Speaking of that reminds me of a mishap I had in the Hester Street school,—the one with the "frills" which the Board of Education cut off. I happened to pass it after school hours, and went in to see what sort of a playground the roof would have made. I met no one on the way, and, finding the scuttle open, climbed out and up the slant of the roof to the peak, where I sat musing over our lost chance, when the janitor came to close up. He must have thought I was a crazy man, and my explanation did not make it any better. He haled me down, and but for the fortunate chance that the policeman on the beat knew me, I should have been taken to the lockup as a dangerous lunatic—all for dreaming of a playground on the roof of a schoolhouse.


Girls' Playground on the Roof.


Janitor and Board of Commissioners to the contrary notwithstanding, the dream became real. There stands another school in Hester Street to-day within easy call, that has a roof playground where two thousand children dance under the harvest moon to the music of a brass band, as I shall tell you about hereafter—the joy of it to have that story to tell!—and all about are others like it, with more coming every year. To the indignant amazement of my captor, the janitor, his school has been thrown open to the children in the summer vacation, and in the winter they put a boys' club in to worry him. What further indignities there are in store for him, in this day of "frills," there is no telling. The Superintendent of Schools told me only yesterday that he was going to Boston to look into new sources of worriment they have invented there. The world does move in spite of janitors. In two short years our school authorities advanced from the cautious proposition that it "was the sense" of the Board of Superintendents that the schoolhouses might well be used in the cause of education as neighborhood centres, etc., (1897), to the flat declaration that "every rational system of education should make provisions for play" (1899). And to cut off all chance of relapse into the old doubt whether "such things are educational," that laid so many of our hopes on the dusty shelf of the circumlocution office, the state legislature has expressly declared that the commonwealth will take the chance, which Boards of Education shunned, of a little amusement creeping in. The schools may be used for "purposes of recreation." To the janitor it must seem that the end of all things is at hand.

So the schools and their playgrounds were thrown open to the children during the long vacation, with kindergarten teachers to amuse them, and vacation schools tempted the little ones from the street into the cool shade of the classrooms. They wrought in wood and iron, they sang and they played and studied nature,—out of a barrel, to be sure, that came twice a week from Long Island filled with "specimens"; but later on we took a hint from Chicago, and let the children gather their own specimens on excursions around the bay and suburbs of the city.
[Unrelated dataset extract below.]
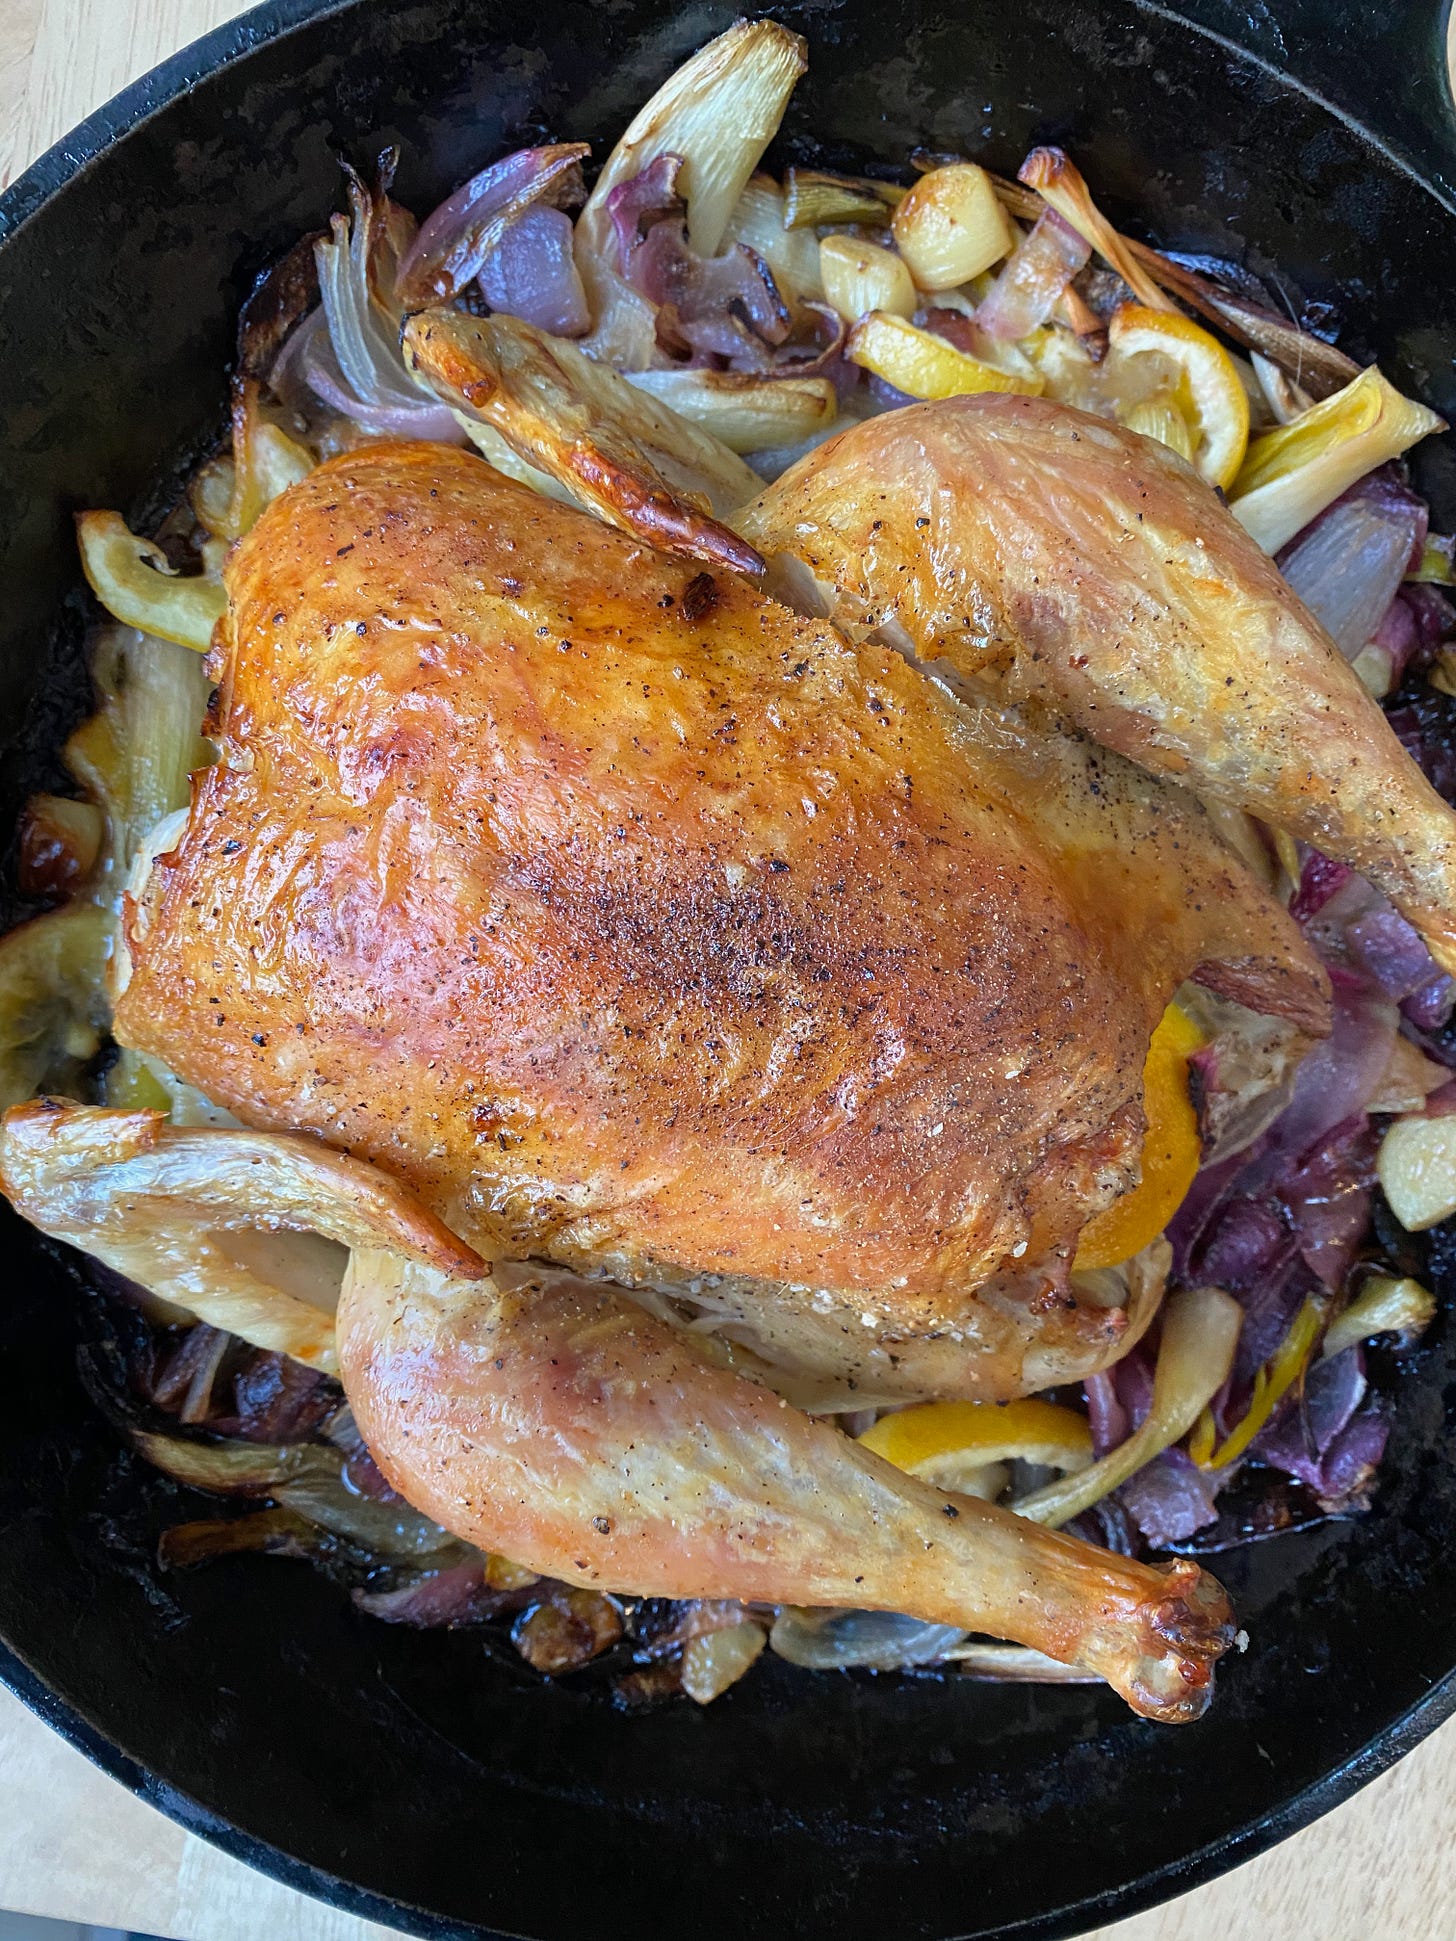  A golden brown roast chicken sits in a cast iron pan. Slivers of red and yellow onions, lemon halves, and garlic cloves are nestled around it.

That was a tremendous success. And there is better still coming, as I shall show presently. It sometimes seems to me as if we were here face to face with the very thing we are seeking and know not how to find. The mere hint that money might be lacking to pay for the excursions set the St. Andrew's Brotherhood men on Long Island to devising schemes for inviting the school children out on trolley and shore trips. What if they all, the Christian Endeavor, the Epworth League, and the other expressions of the same human desire to find the lost brother, who are looking about for something to try their young strength and enthusiasm on—what if they were to hitch on here and help pull the load that may get mired else? They need men and women in that work. Mere paid teaching will never do it. If they can only get them, I think we may be standing upon the threshold of something which shall bring us nearer to a universal brotherhood than all the consecration and all the badges yet devised. I am thinking of the children and of the chance to take them at once out of the slum and into our hearts, while making of the public school the door to a house of citizenship in which we shall all dwell together in full understanding. Without that door the house will never be what we planned. And there is the key, all ready-made, in the children.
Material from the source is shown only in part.